A Real-time Transport Protocol (RTP) Header Extension for Client-to-Mixer Audio Level Indication
RFC 6464
Yes
No Objection
Note: This ballot was opened for revision 06 and is now closed.
(Gonzalo Camarillo; former steering group member) Yes
(Adrian Farrel; former steering group member) No Objection
I think Stewart's security point is valid, although I am not quite sure how this differs from simply raising your voice.
(Dan Romascanu; former steering group member) No Objection
(Jari Arkko; former steering group member) No Objection
(Pete Resnick; former steering group member) No Objection
(Peter Saint-Andre; former steering group member) No Objection
(Ralph Droms; former steering group member) No Objection
(Robert Sparks; former steering group member) (was Discuss) No Objection
The Security Considerations section sketches a scenario where an attacker sends high level indications, but encoded audio that is actually silent to suppress other participant's audio. A more likely attack is one that sends high level indications just to seize any speaker-selection algorithm used by a conference system.
(Ron Bonica; former steering group member) No Objection
(Russ Housley; former steering group member) No Objection
(Sean Turner; former steering group member) No Objection
I noted the same things Stephen did.
(Stephen Farrell; former steering group member) No Objection
(1) If vad can expose encrypted vbr, then why don't the security considerations here say "if encrypting vbr and doing vad then you MUST use apply commensurate protection to both"? I don't get the logic in the current section 6 where it says "if encrypting vbr and doing vad then you SHOULD use some additional mechanism" - what's the exceptional case that justifies the SHOULD there and why would you ever do something appreciably weaker or stronger? (2) Is the alternative to srtp-encrypted-header-ext to use IPsec or TLS or what? It'd be better to reference those since if you don't then I don't get how srtp-encrypted-header-ext isn't a normative reference? I'd suggest adding a reference to either TLS or IPsec, whichever is more likely to be used.
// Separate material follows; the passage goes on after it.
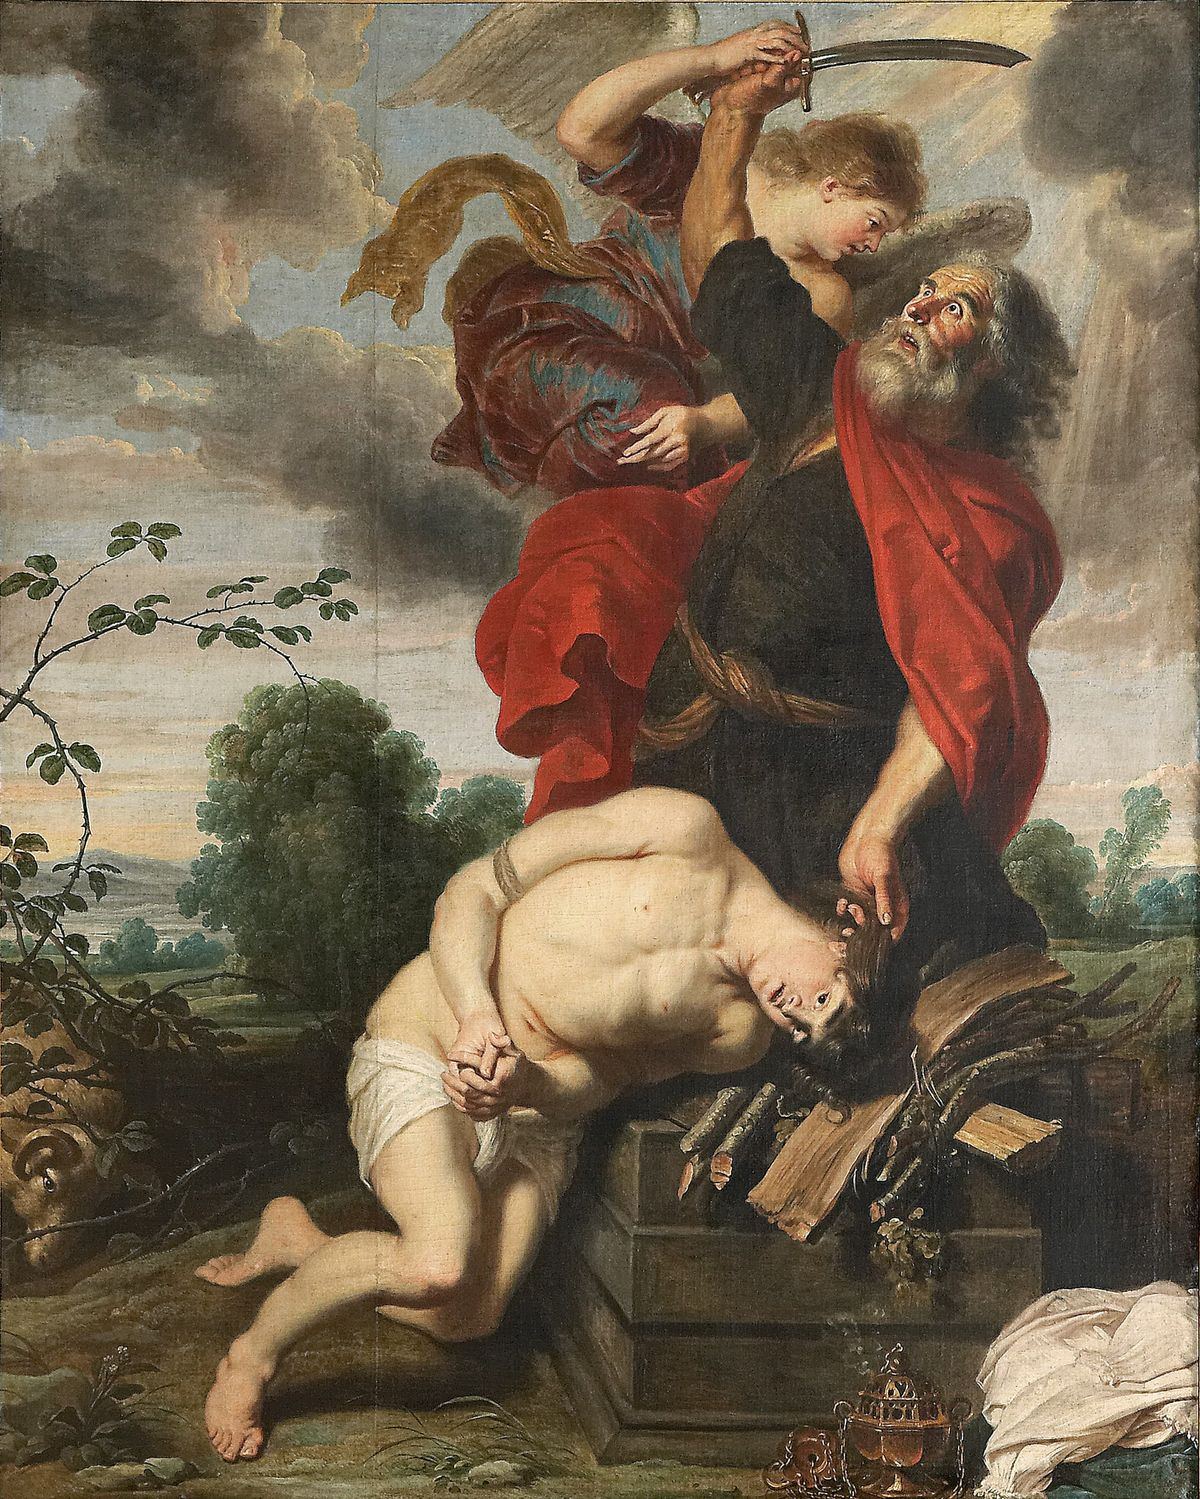 The Sacrifice of Abraham (ca. 1631 - 1635) by Cornelis de Vos and Jan Wildens - Public Domain Catholic Painting

(Stewart Bryant; former steering group member) No Objection
"A malicious endpoint could choose to set the values in this header
extension falsely, so as to falsely claim that audio or voice is or
is not present. It is not clear what could be gained by falsely
claiming that audio is not present, but an endpoint falsely claiming
that audio is present could perform a denial-of-service attack on an
audio conference, so as to send silence to suppress other conference
members' audio. "
... you could also dominate the conversation by always claiming that you have strong audio present.
=======
This security consideration from the mixer to client looks like it might be applicable
2. Furthermore, the fact that audio level values would not be
protected even in an SRTP session might be of concern in some
cases where the activity of a particular participant in a
conference is confidential. Also, as discussed in
[I-D.perkins-avt-srtp-vbr-audio], an attacker might be able to
infer information about the conversation, possibly with phoneme-
level resolution.
(Wesley Eddy; former steering group member) No Objection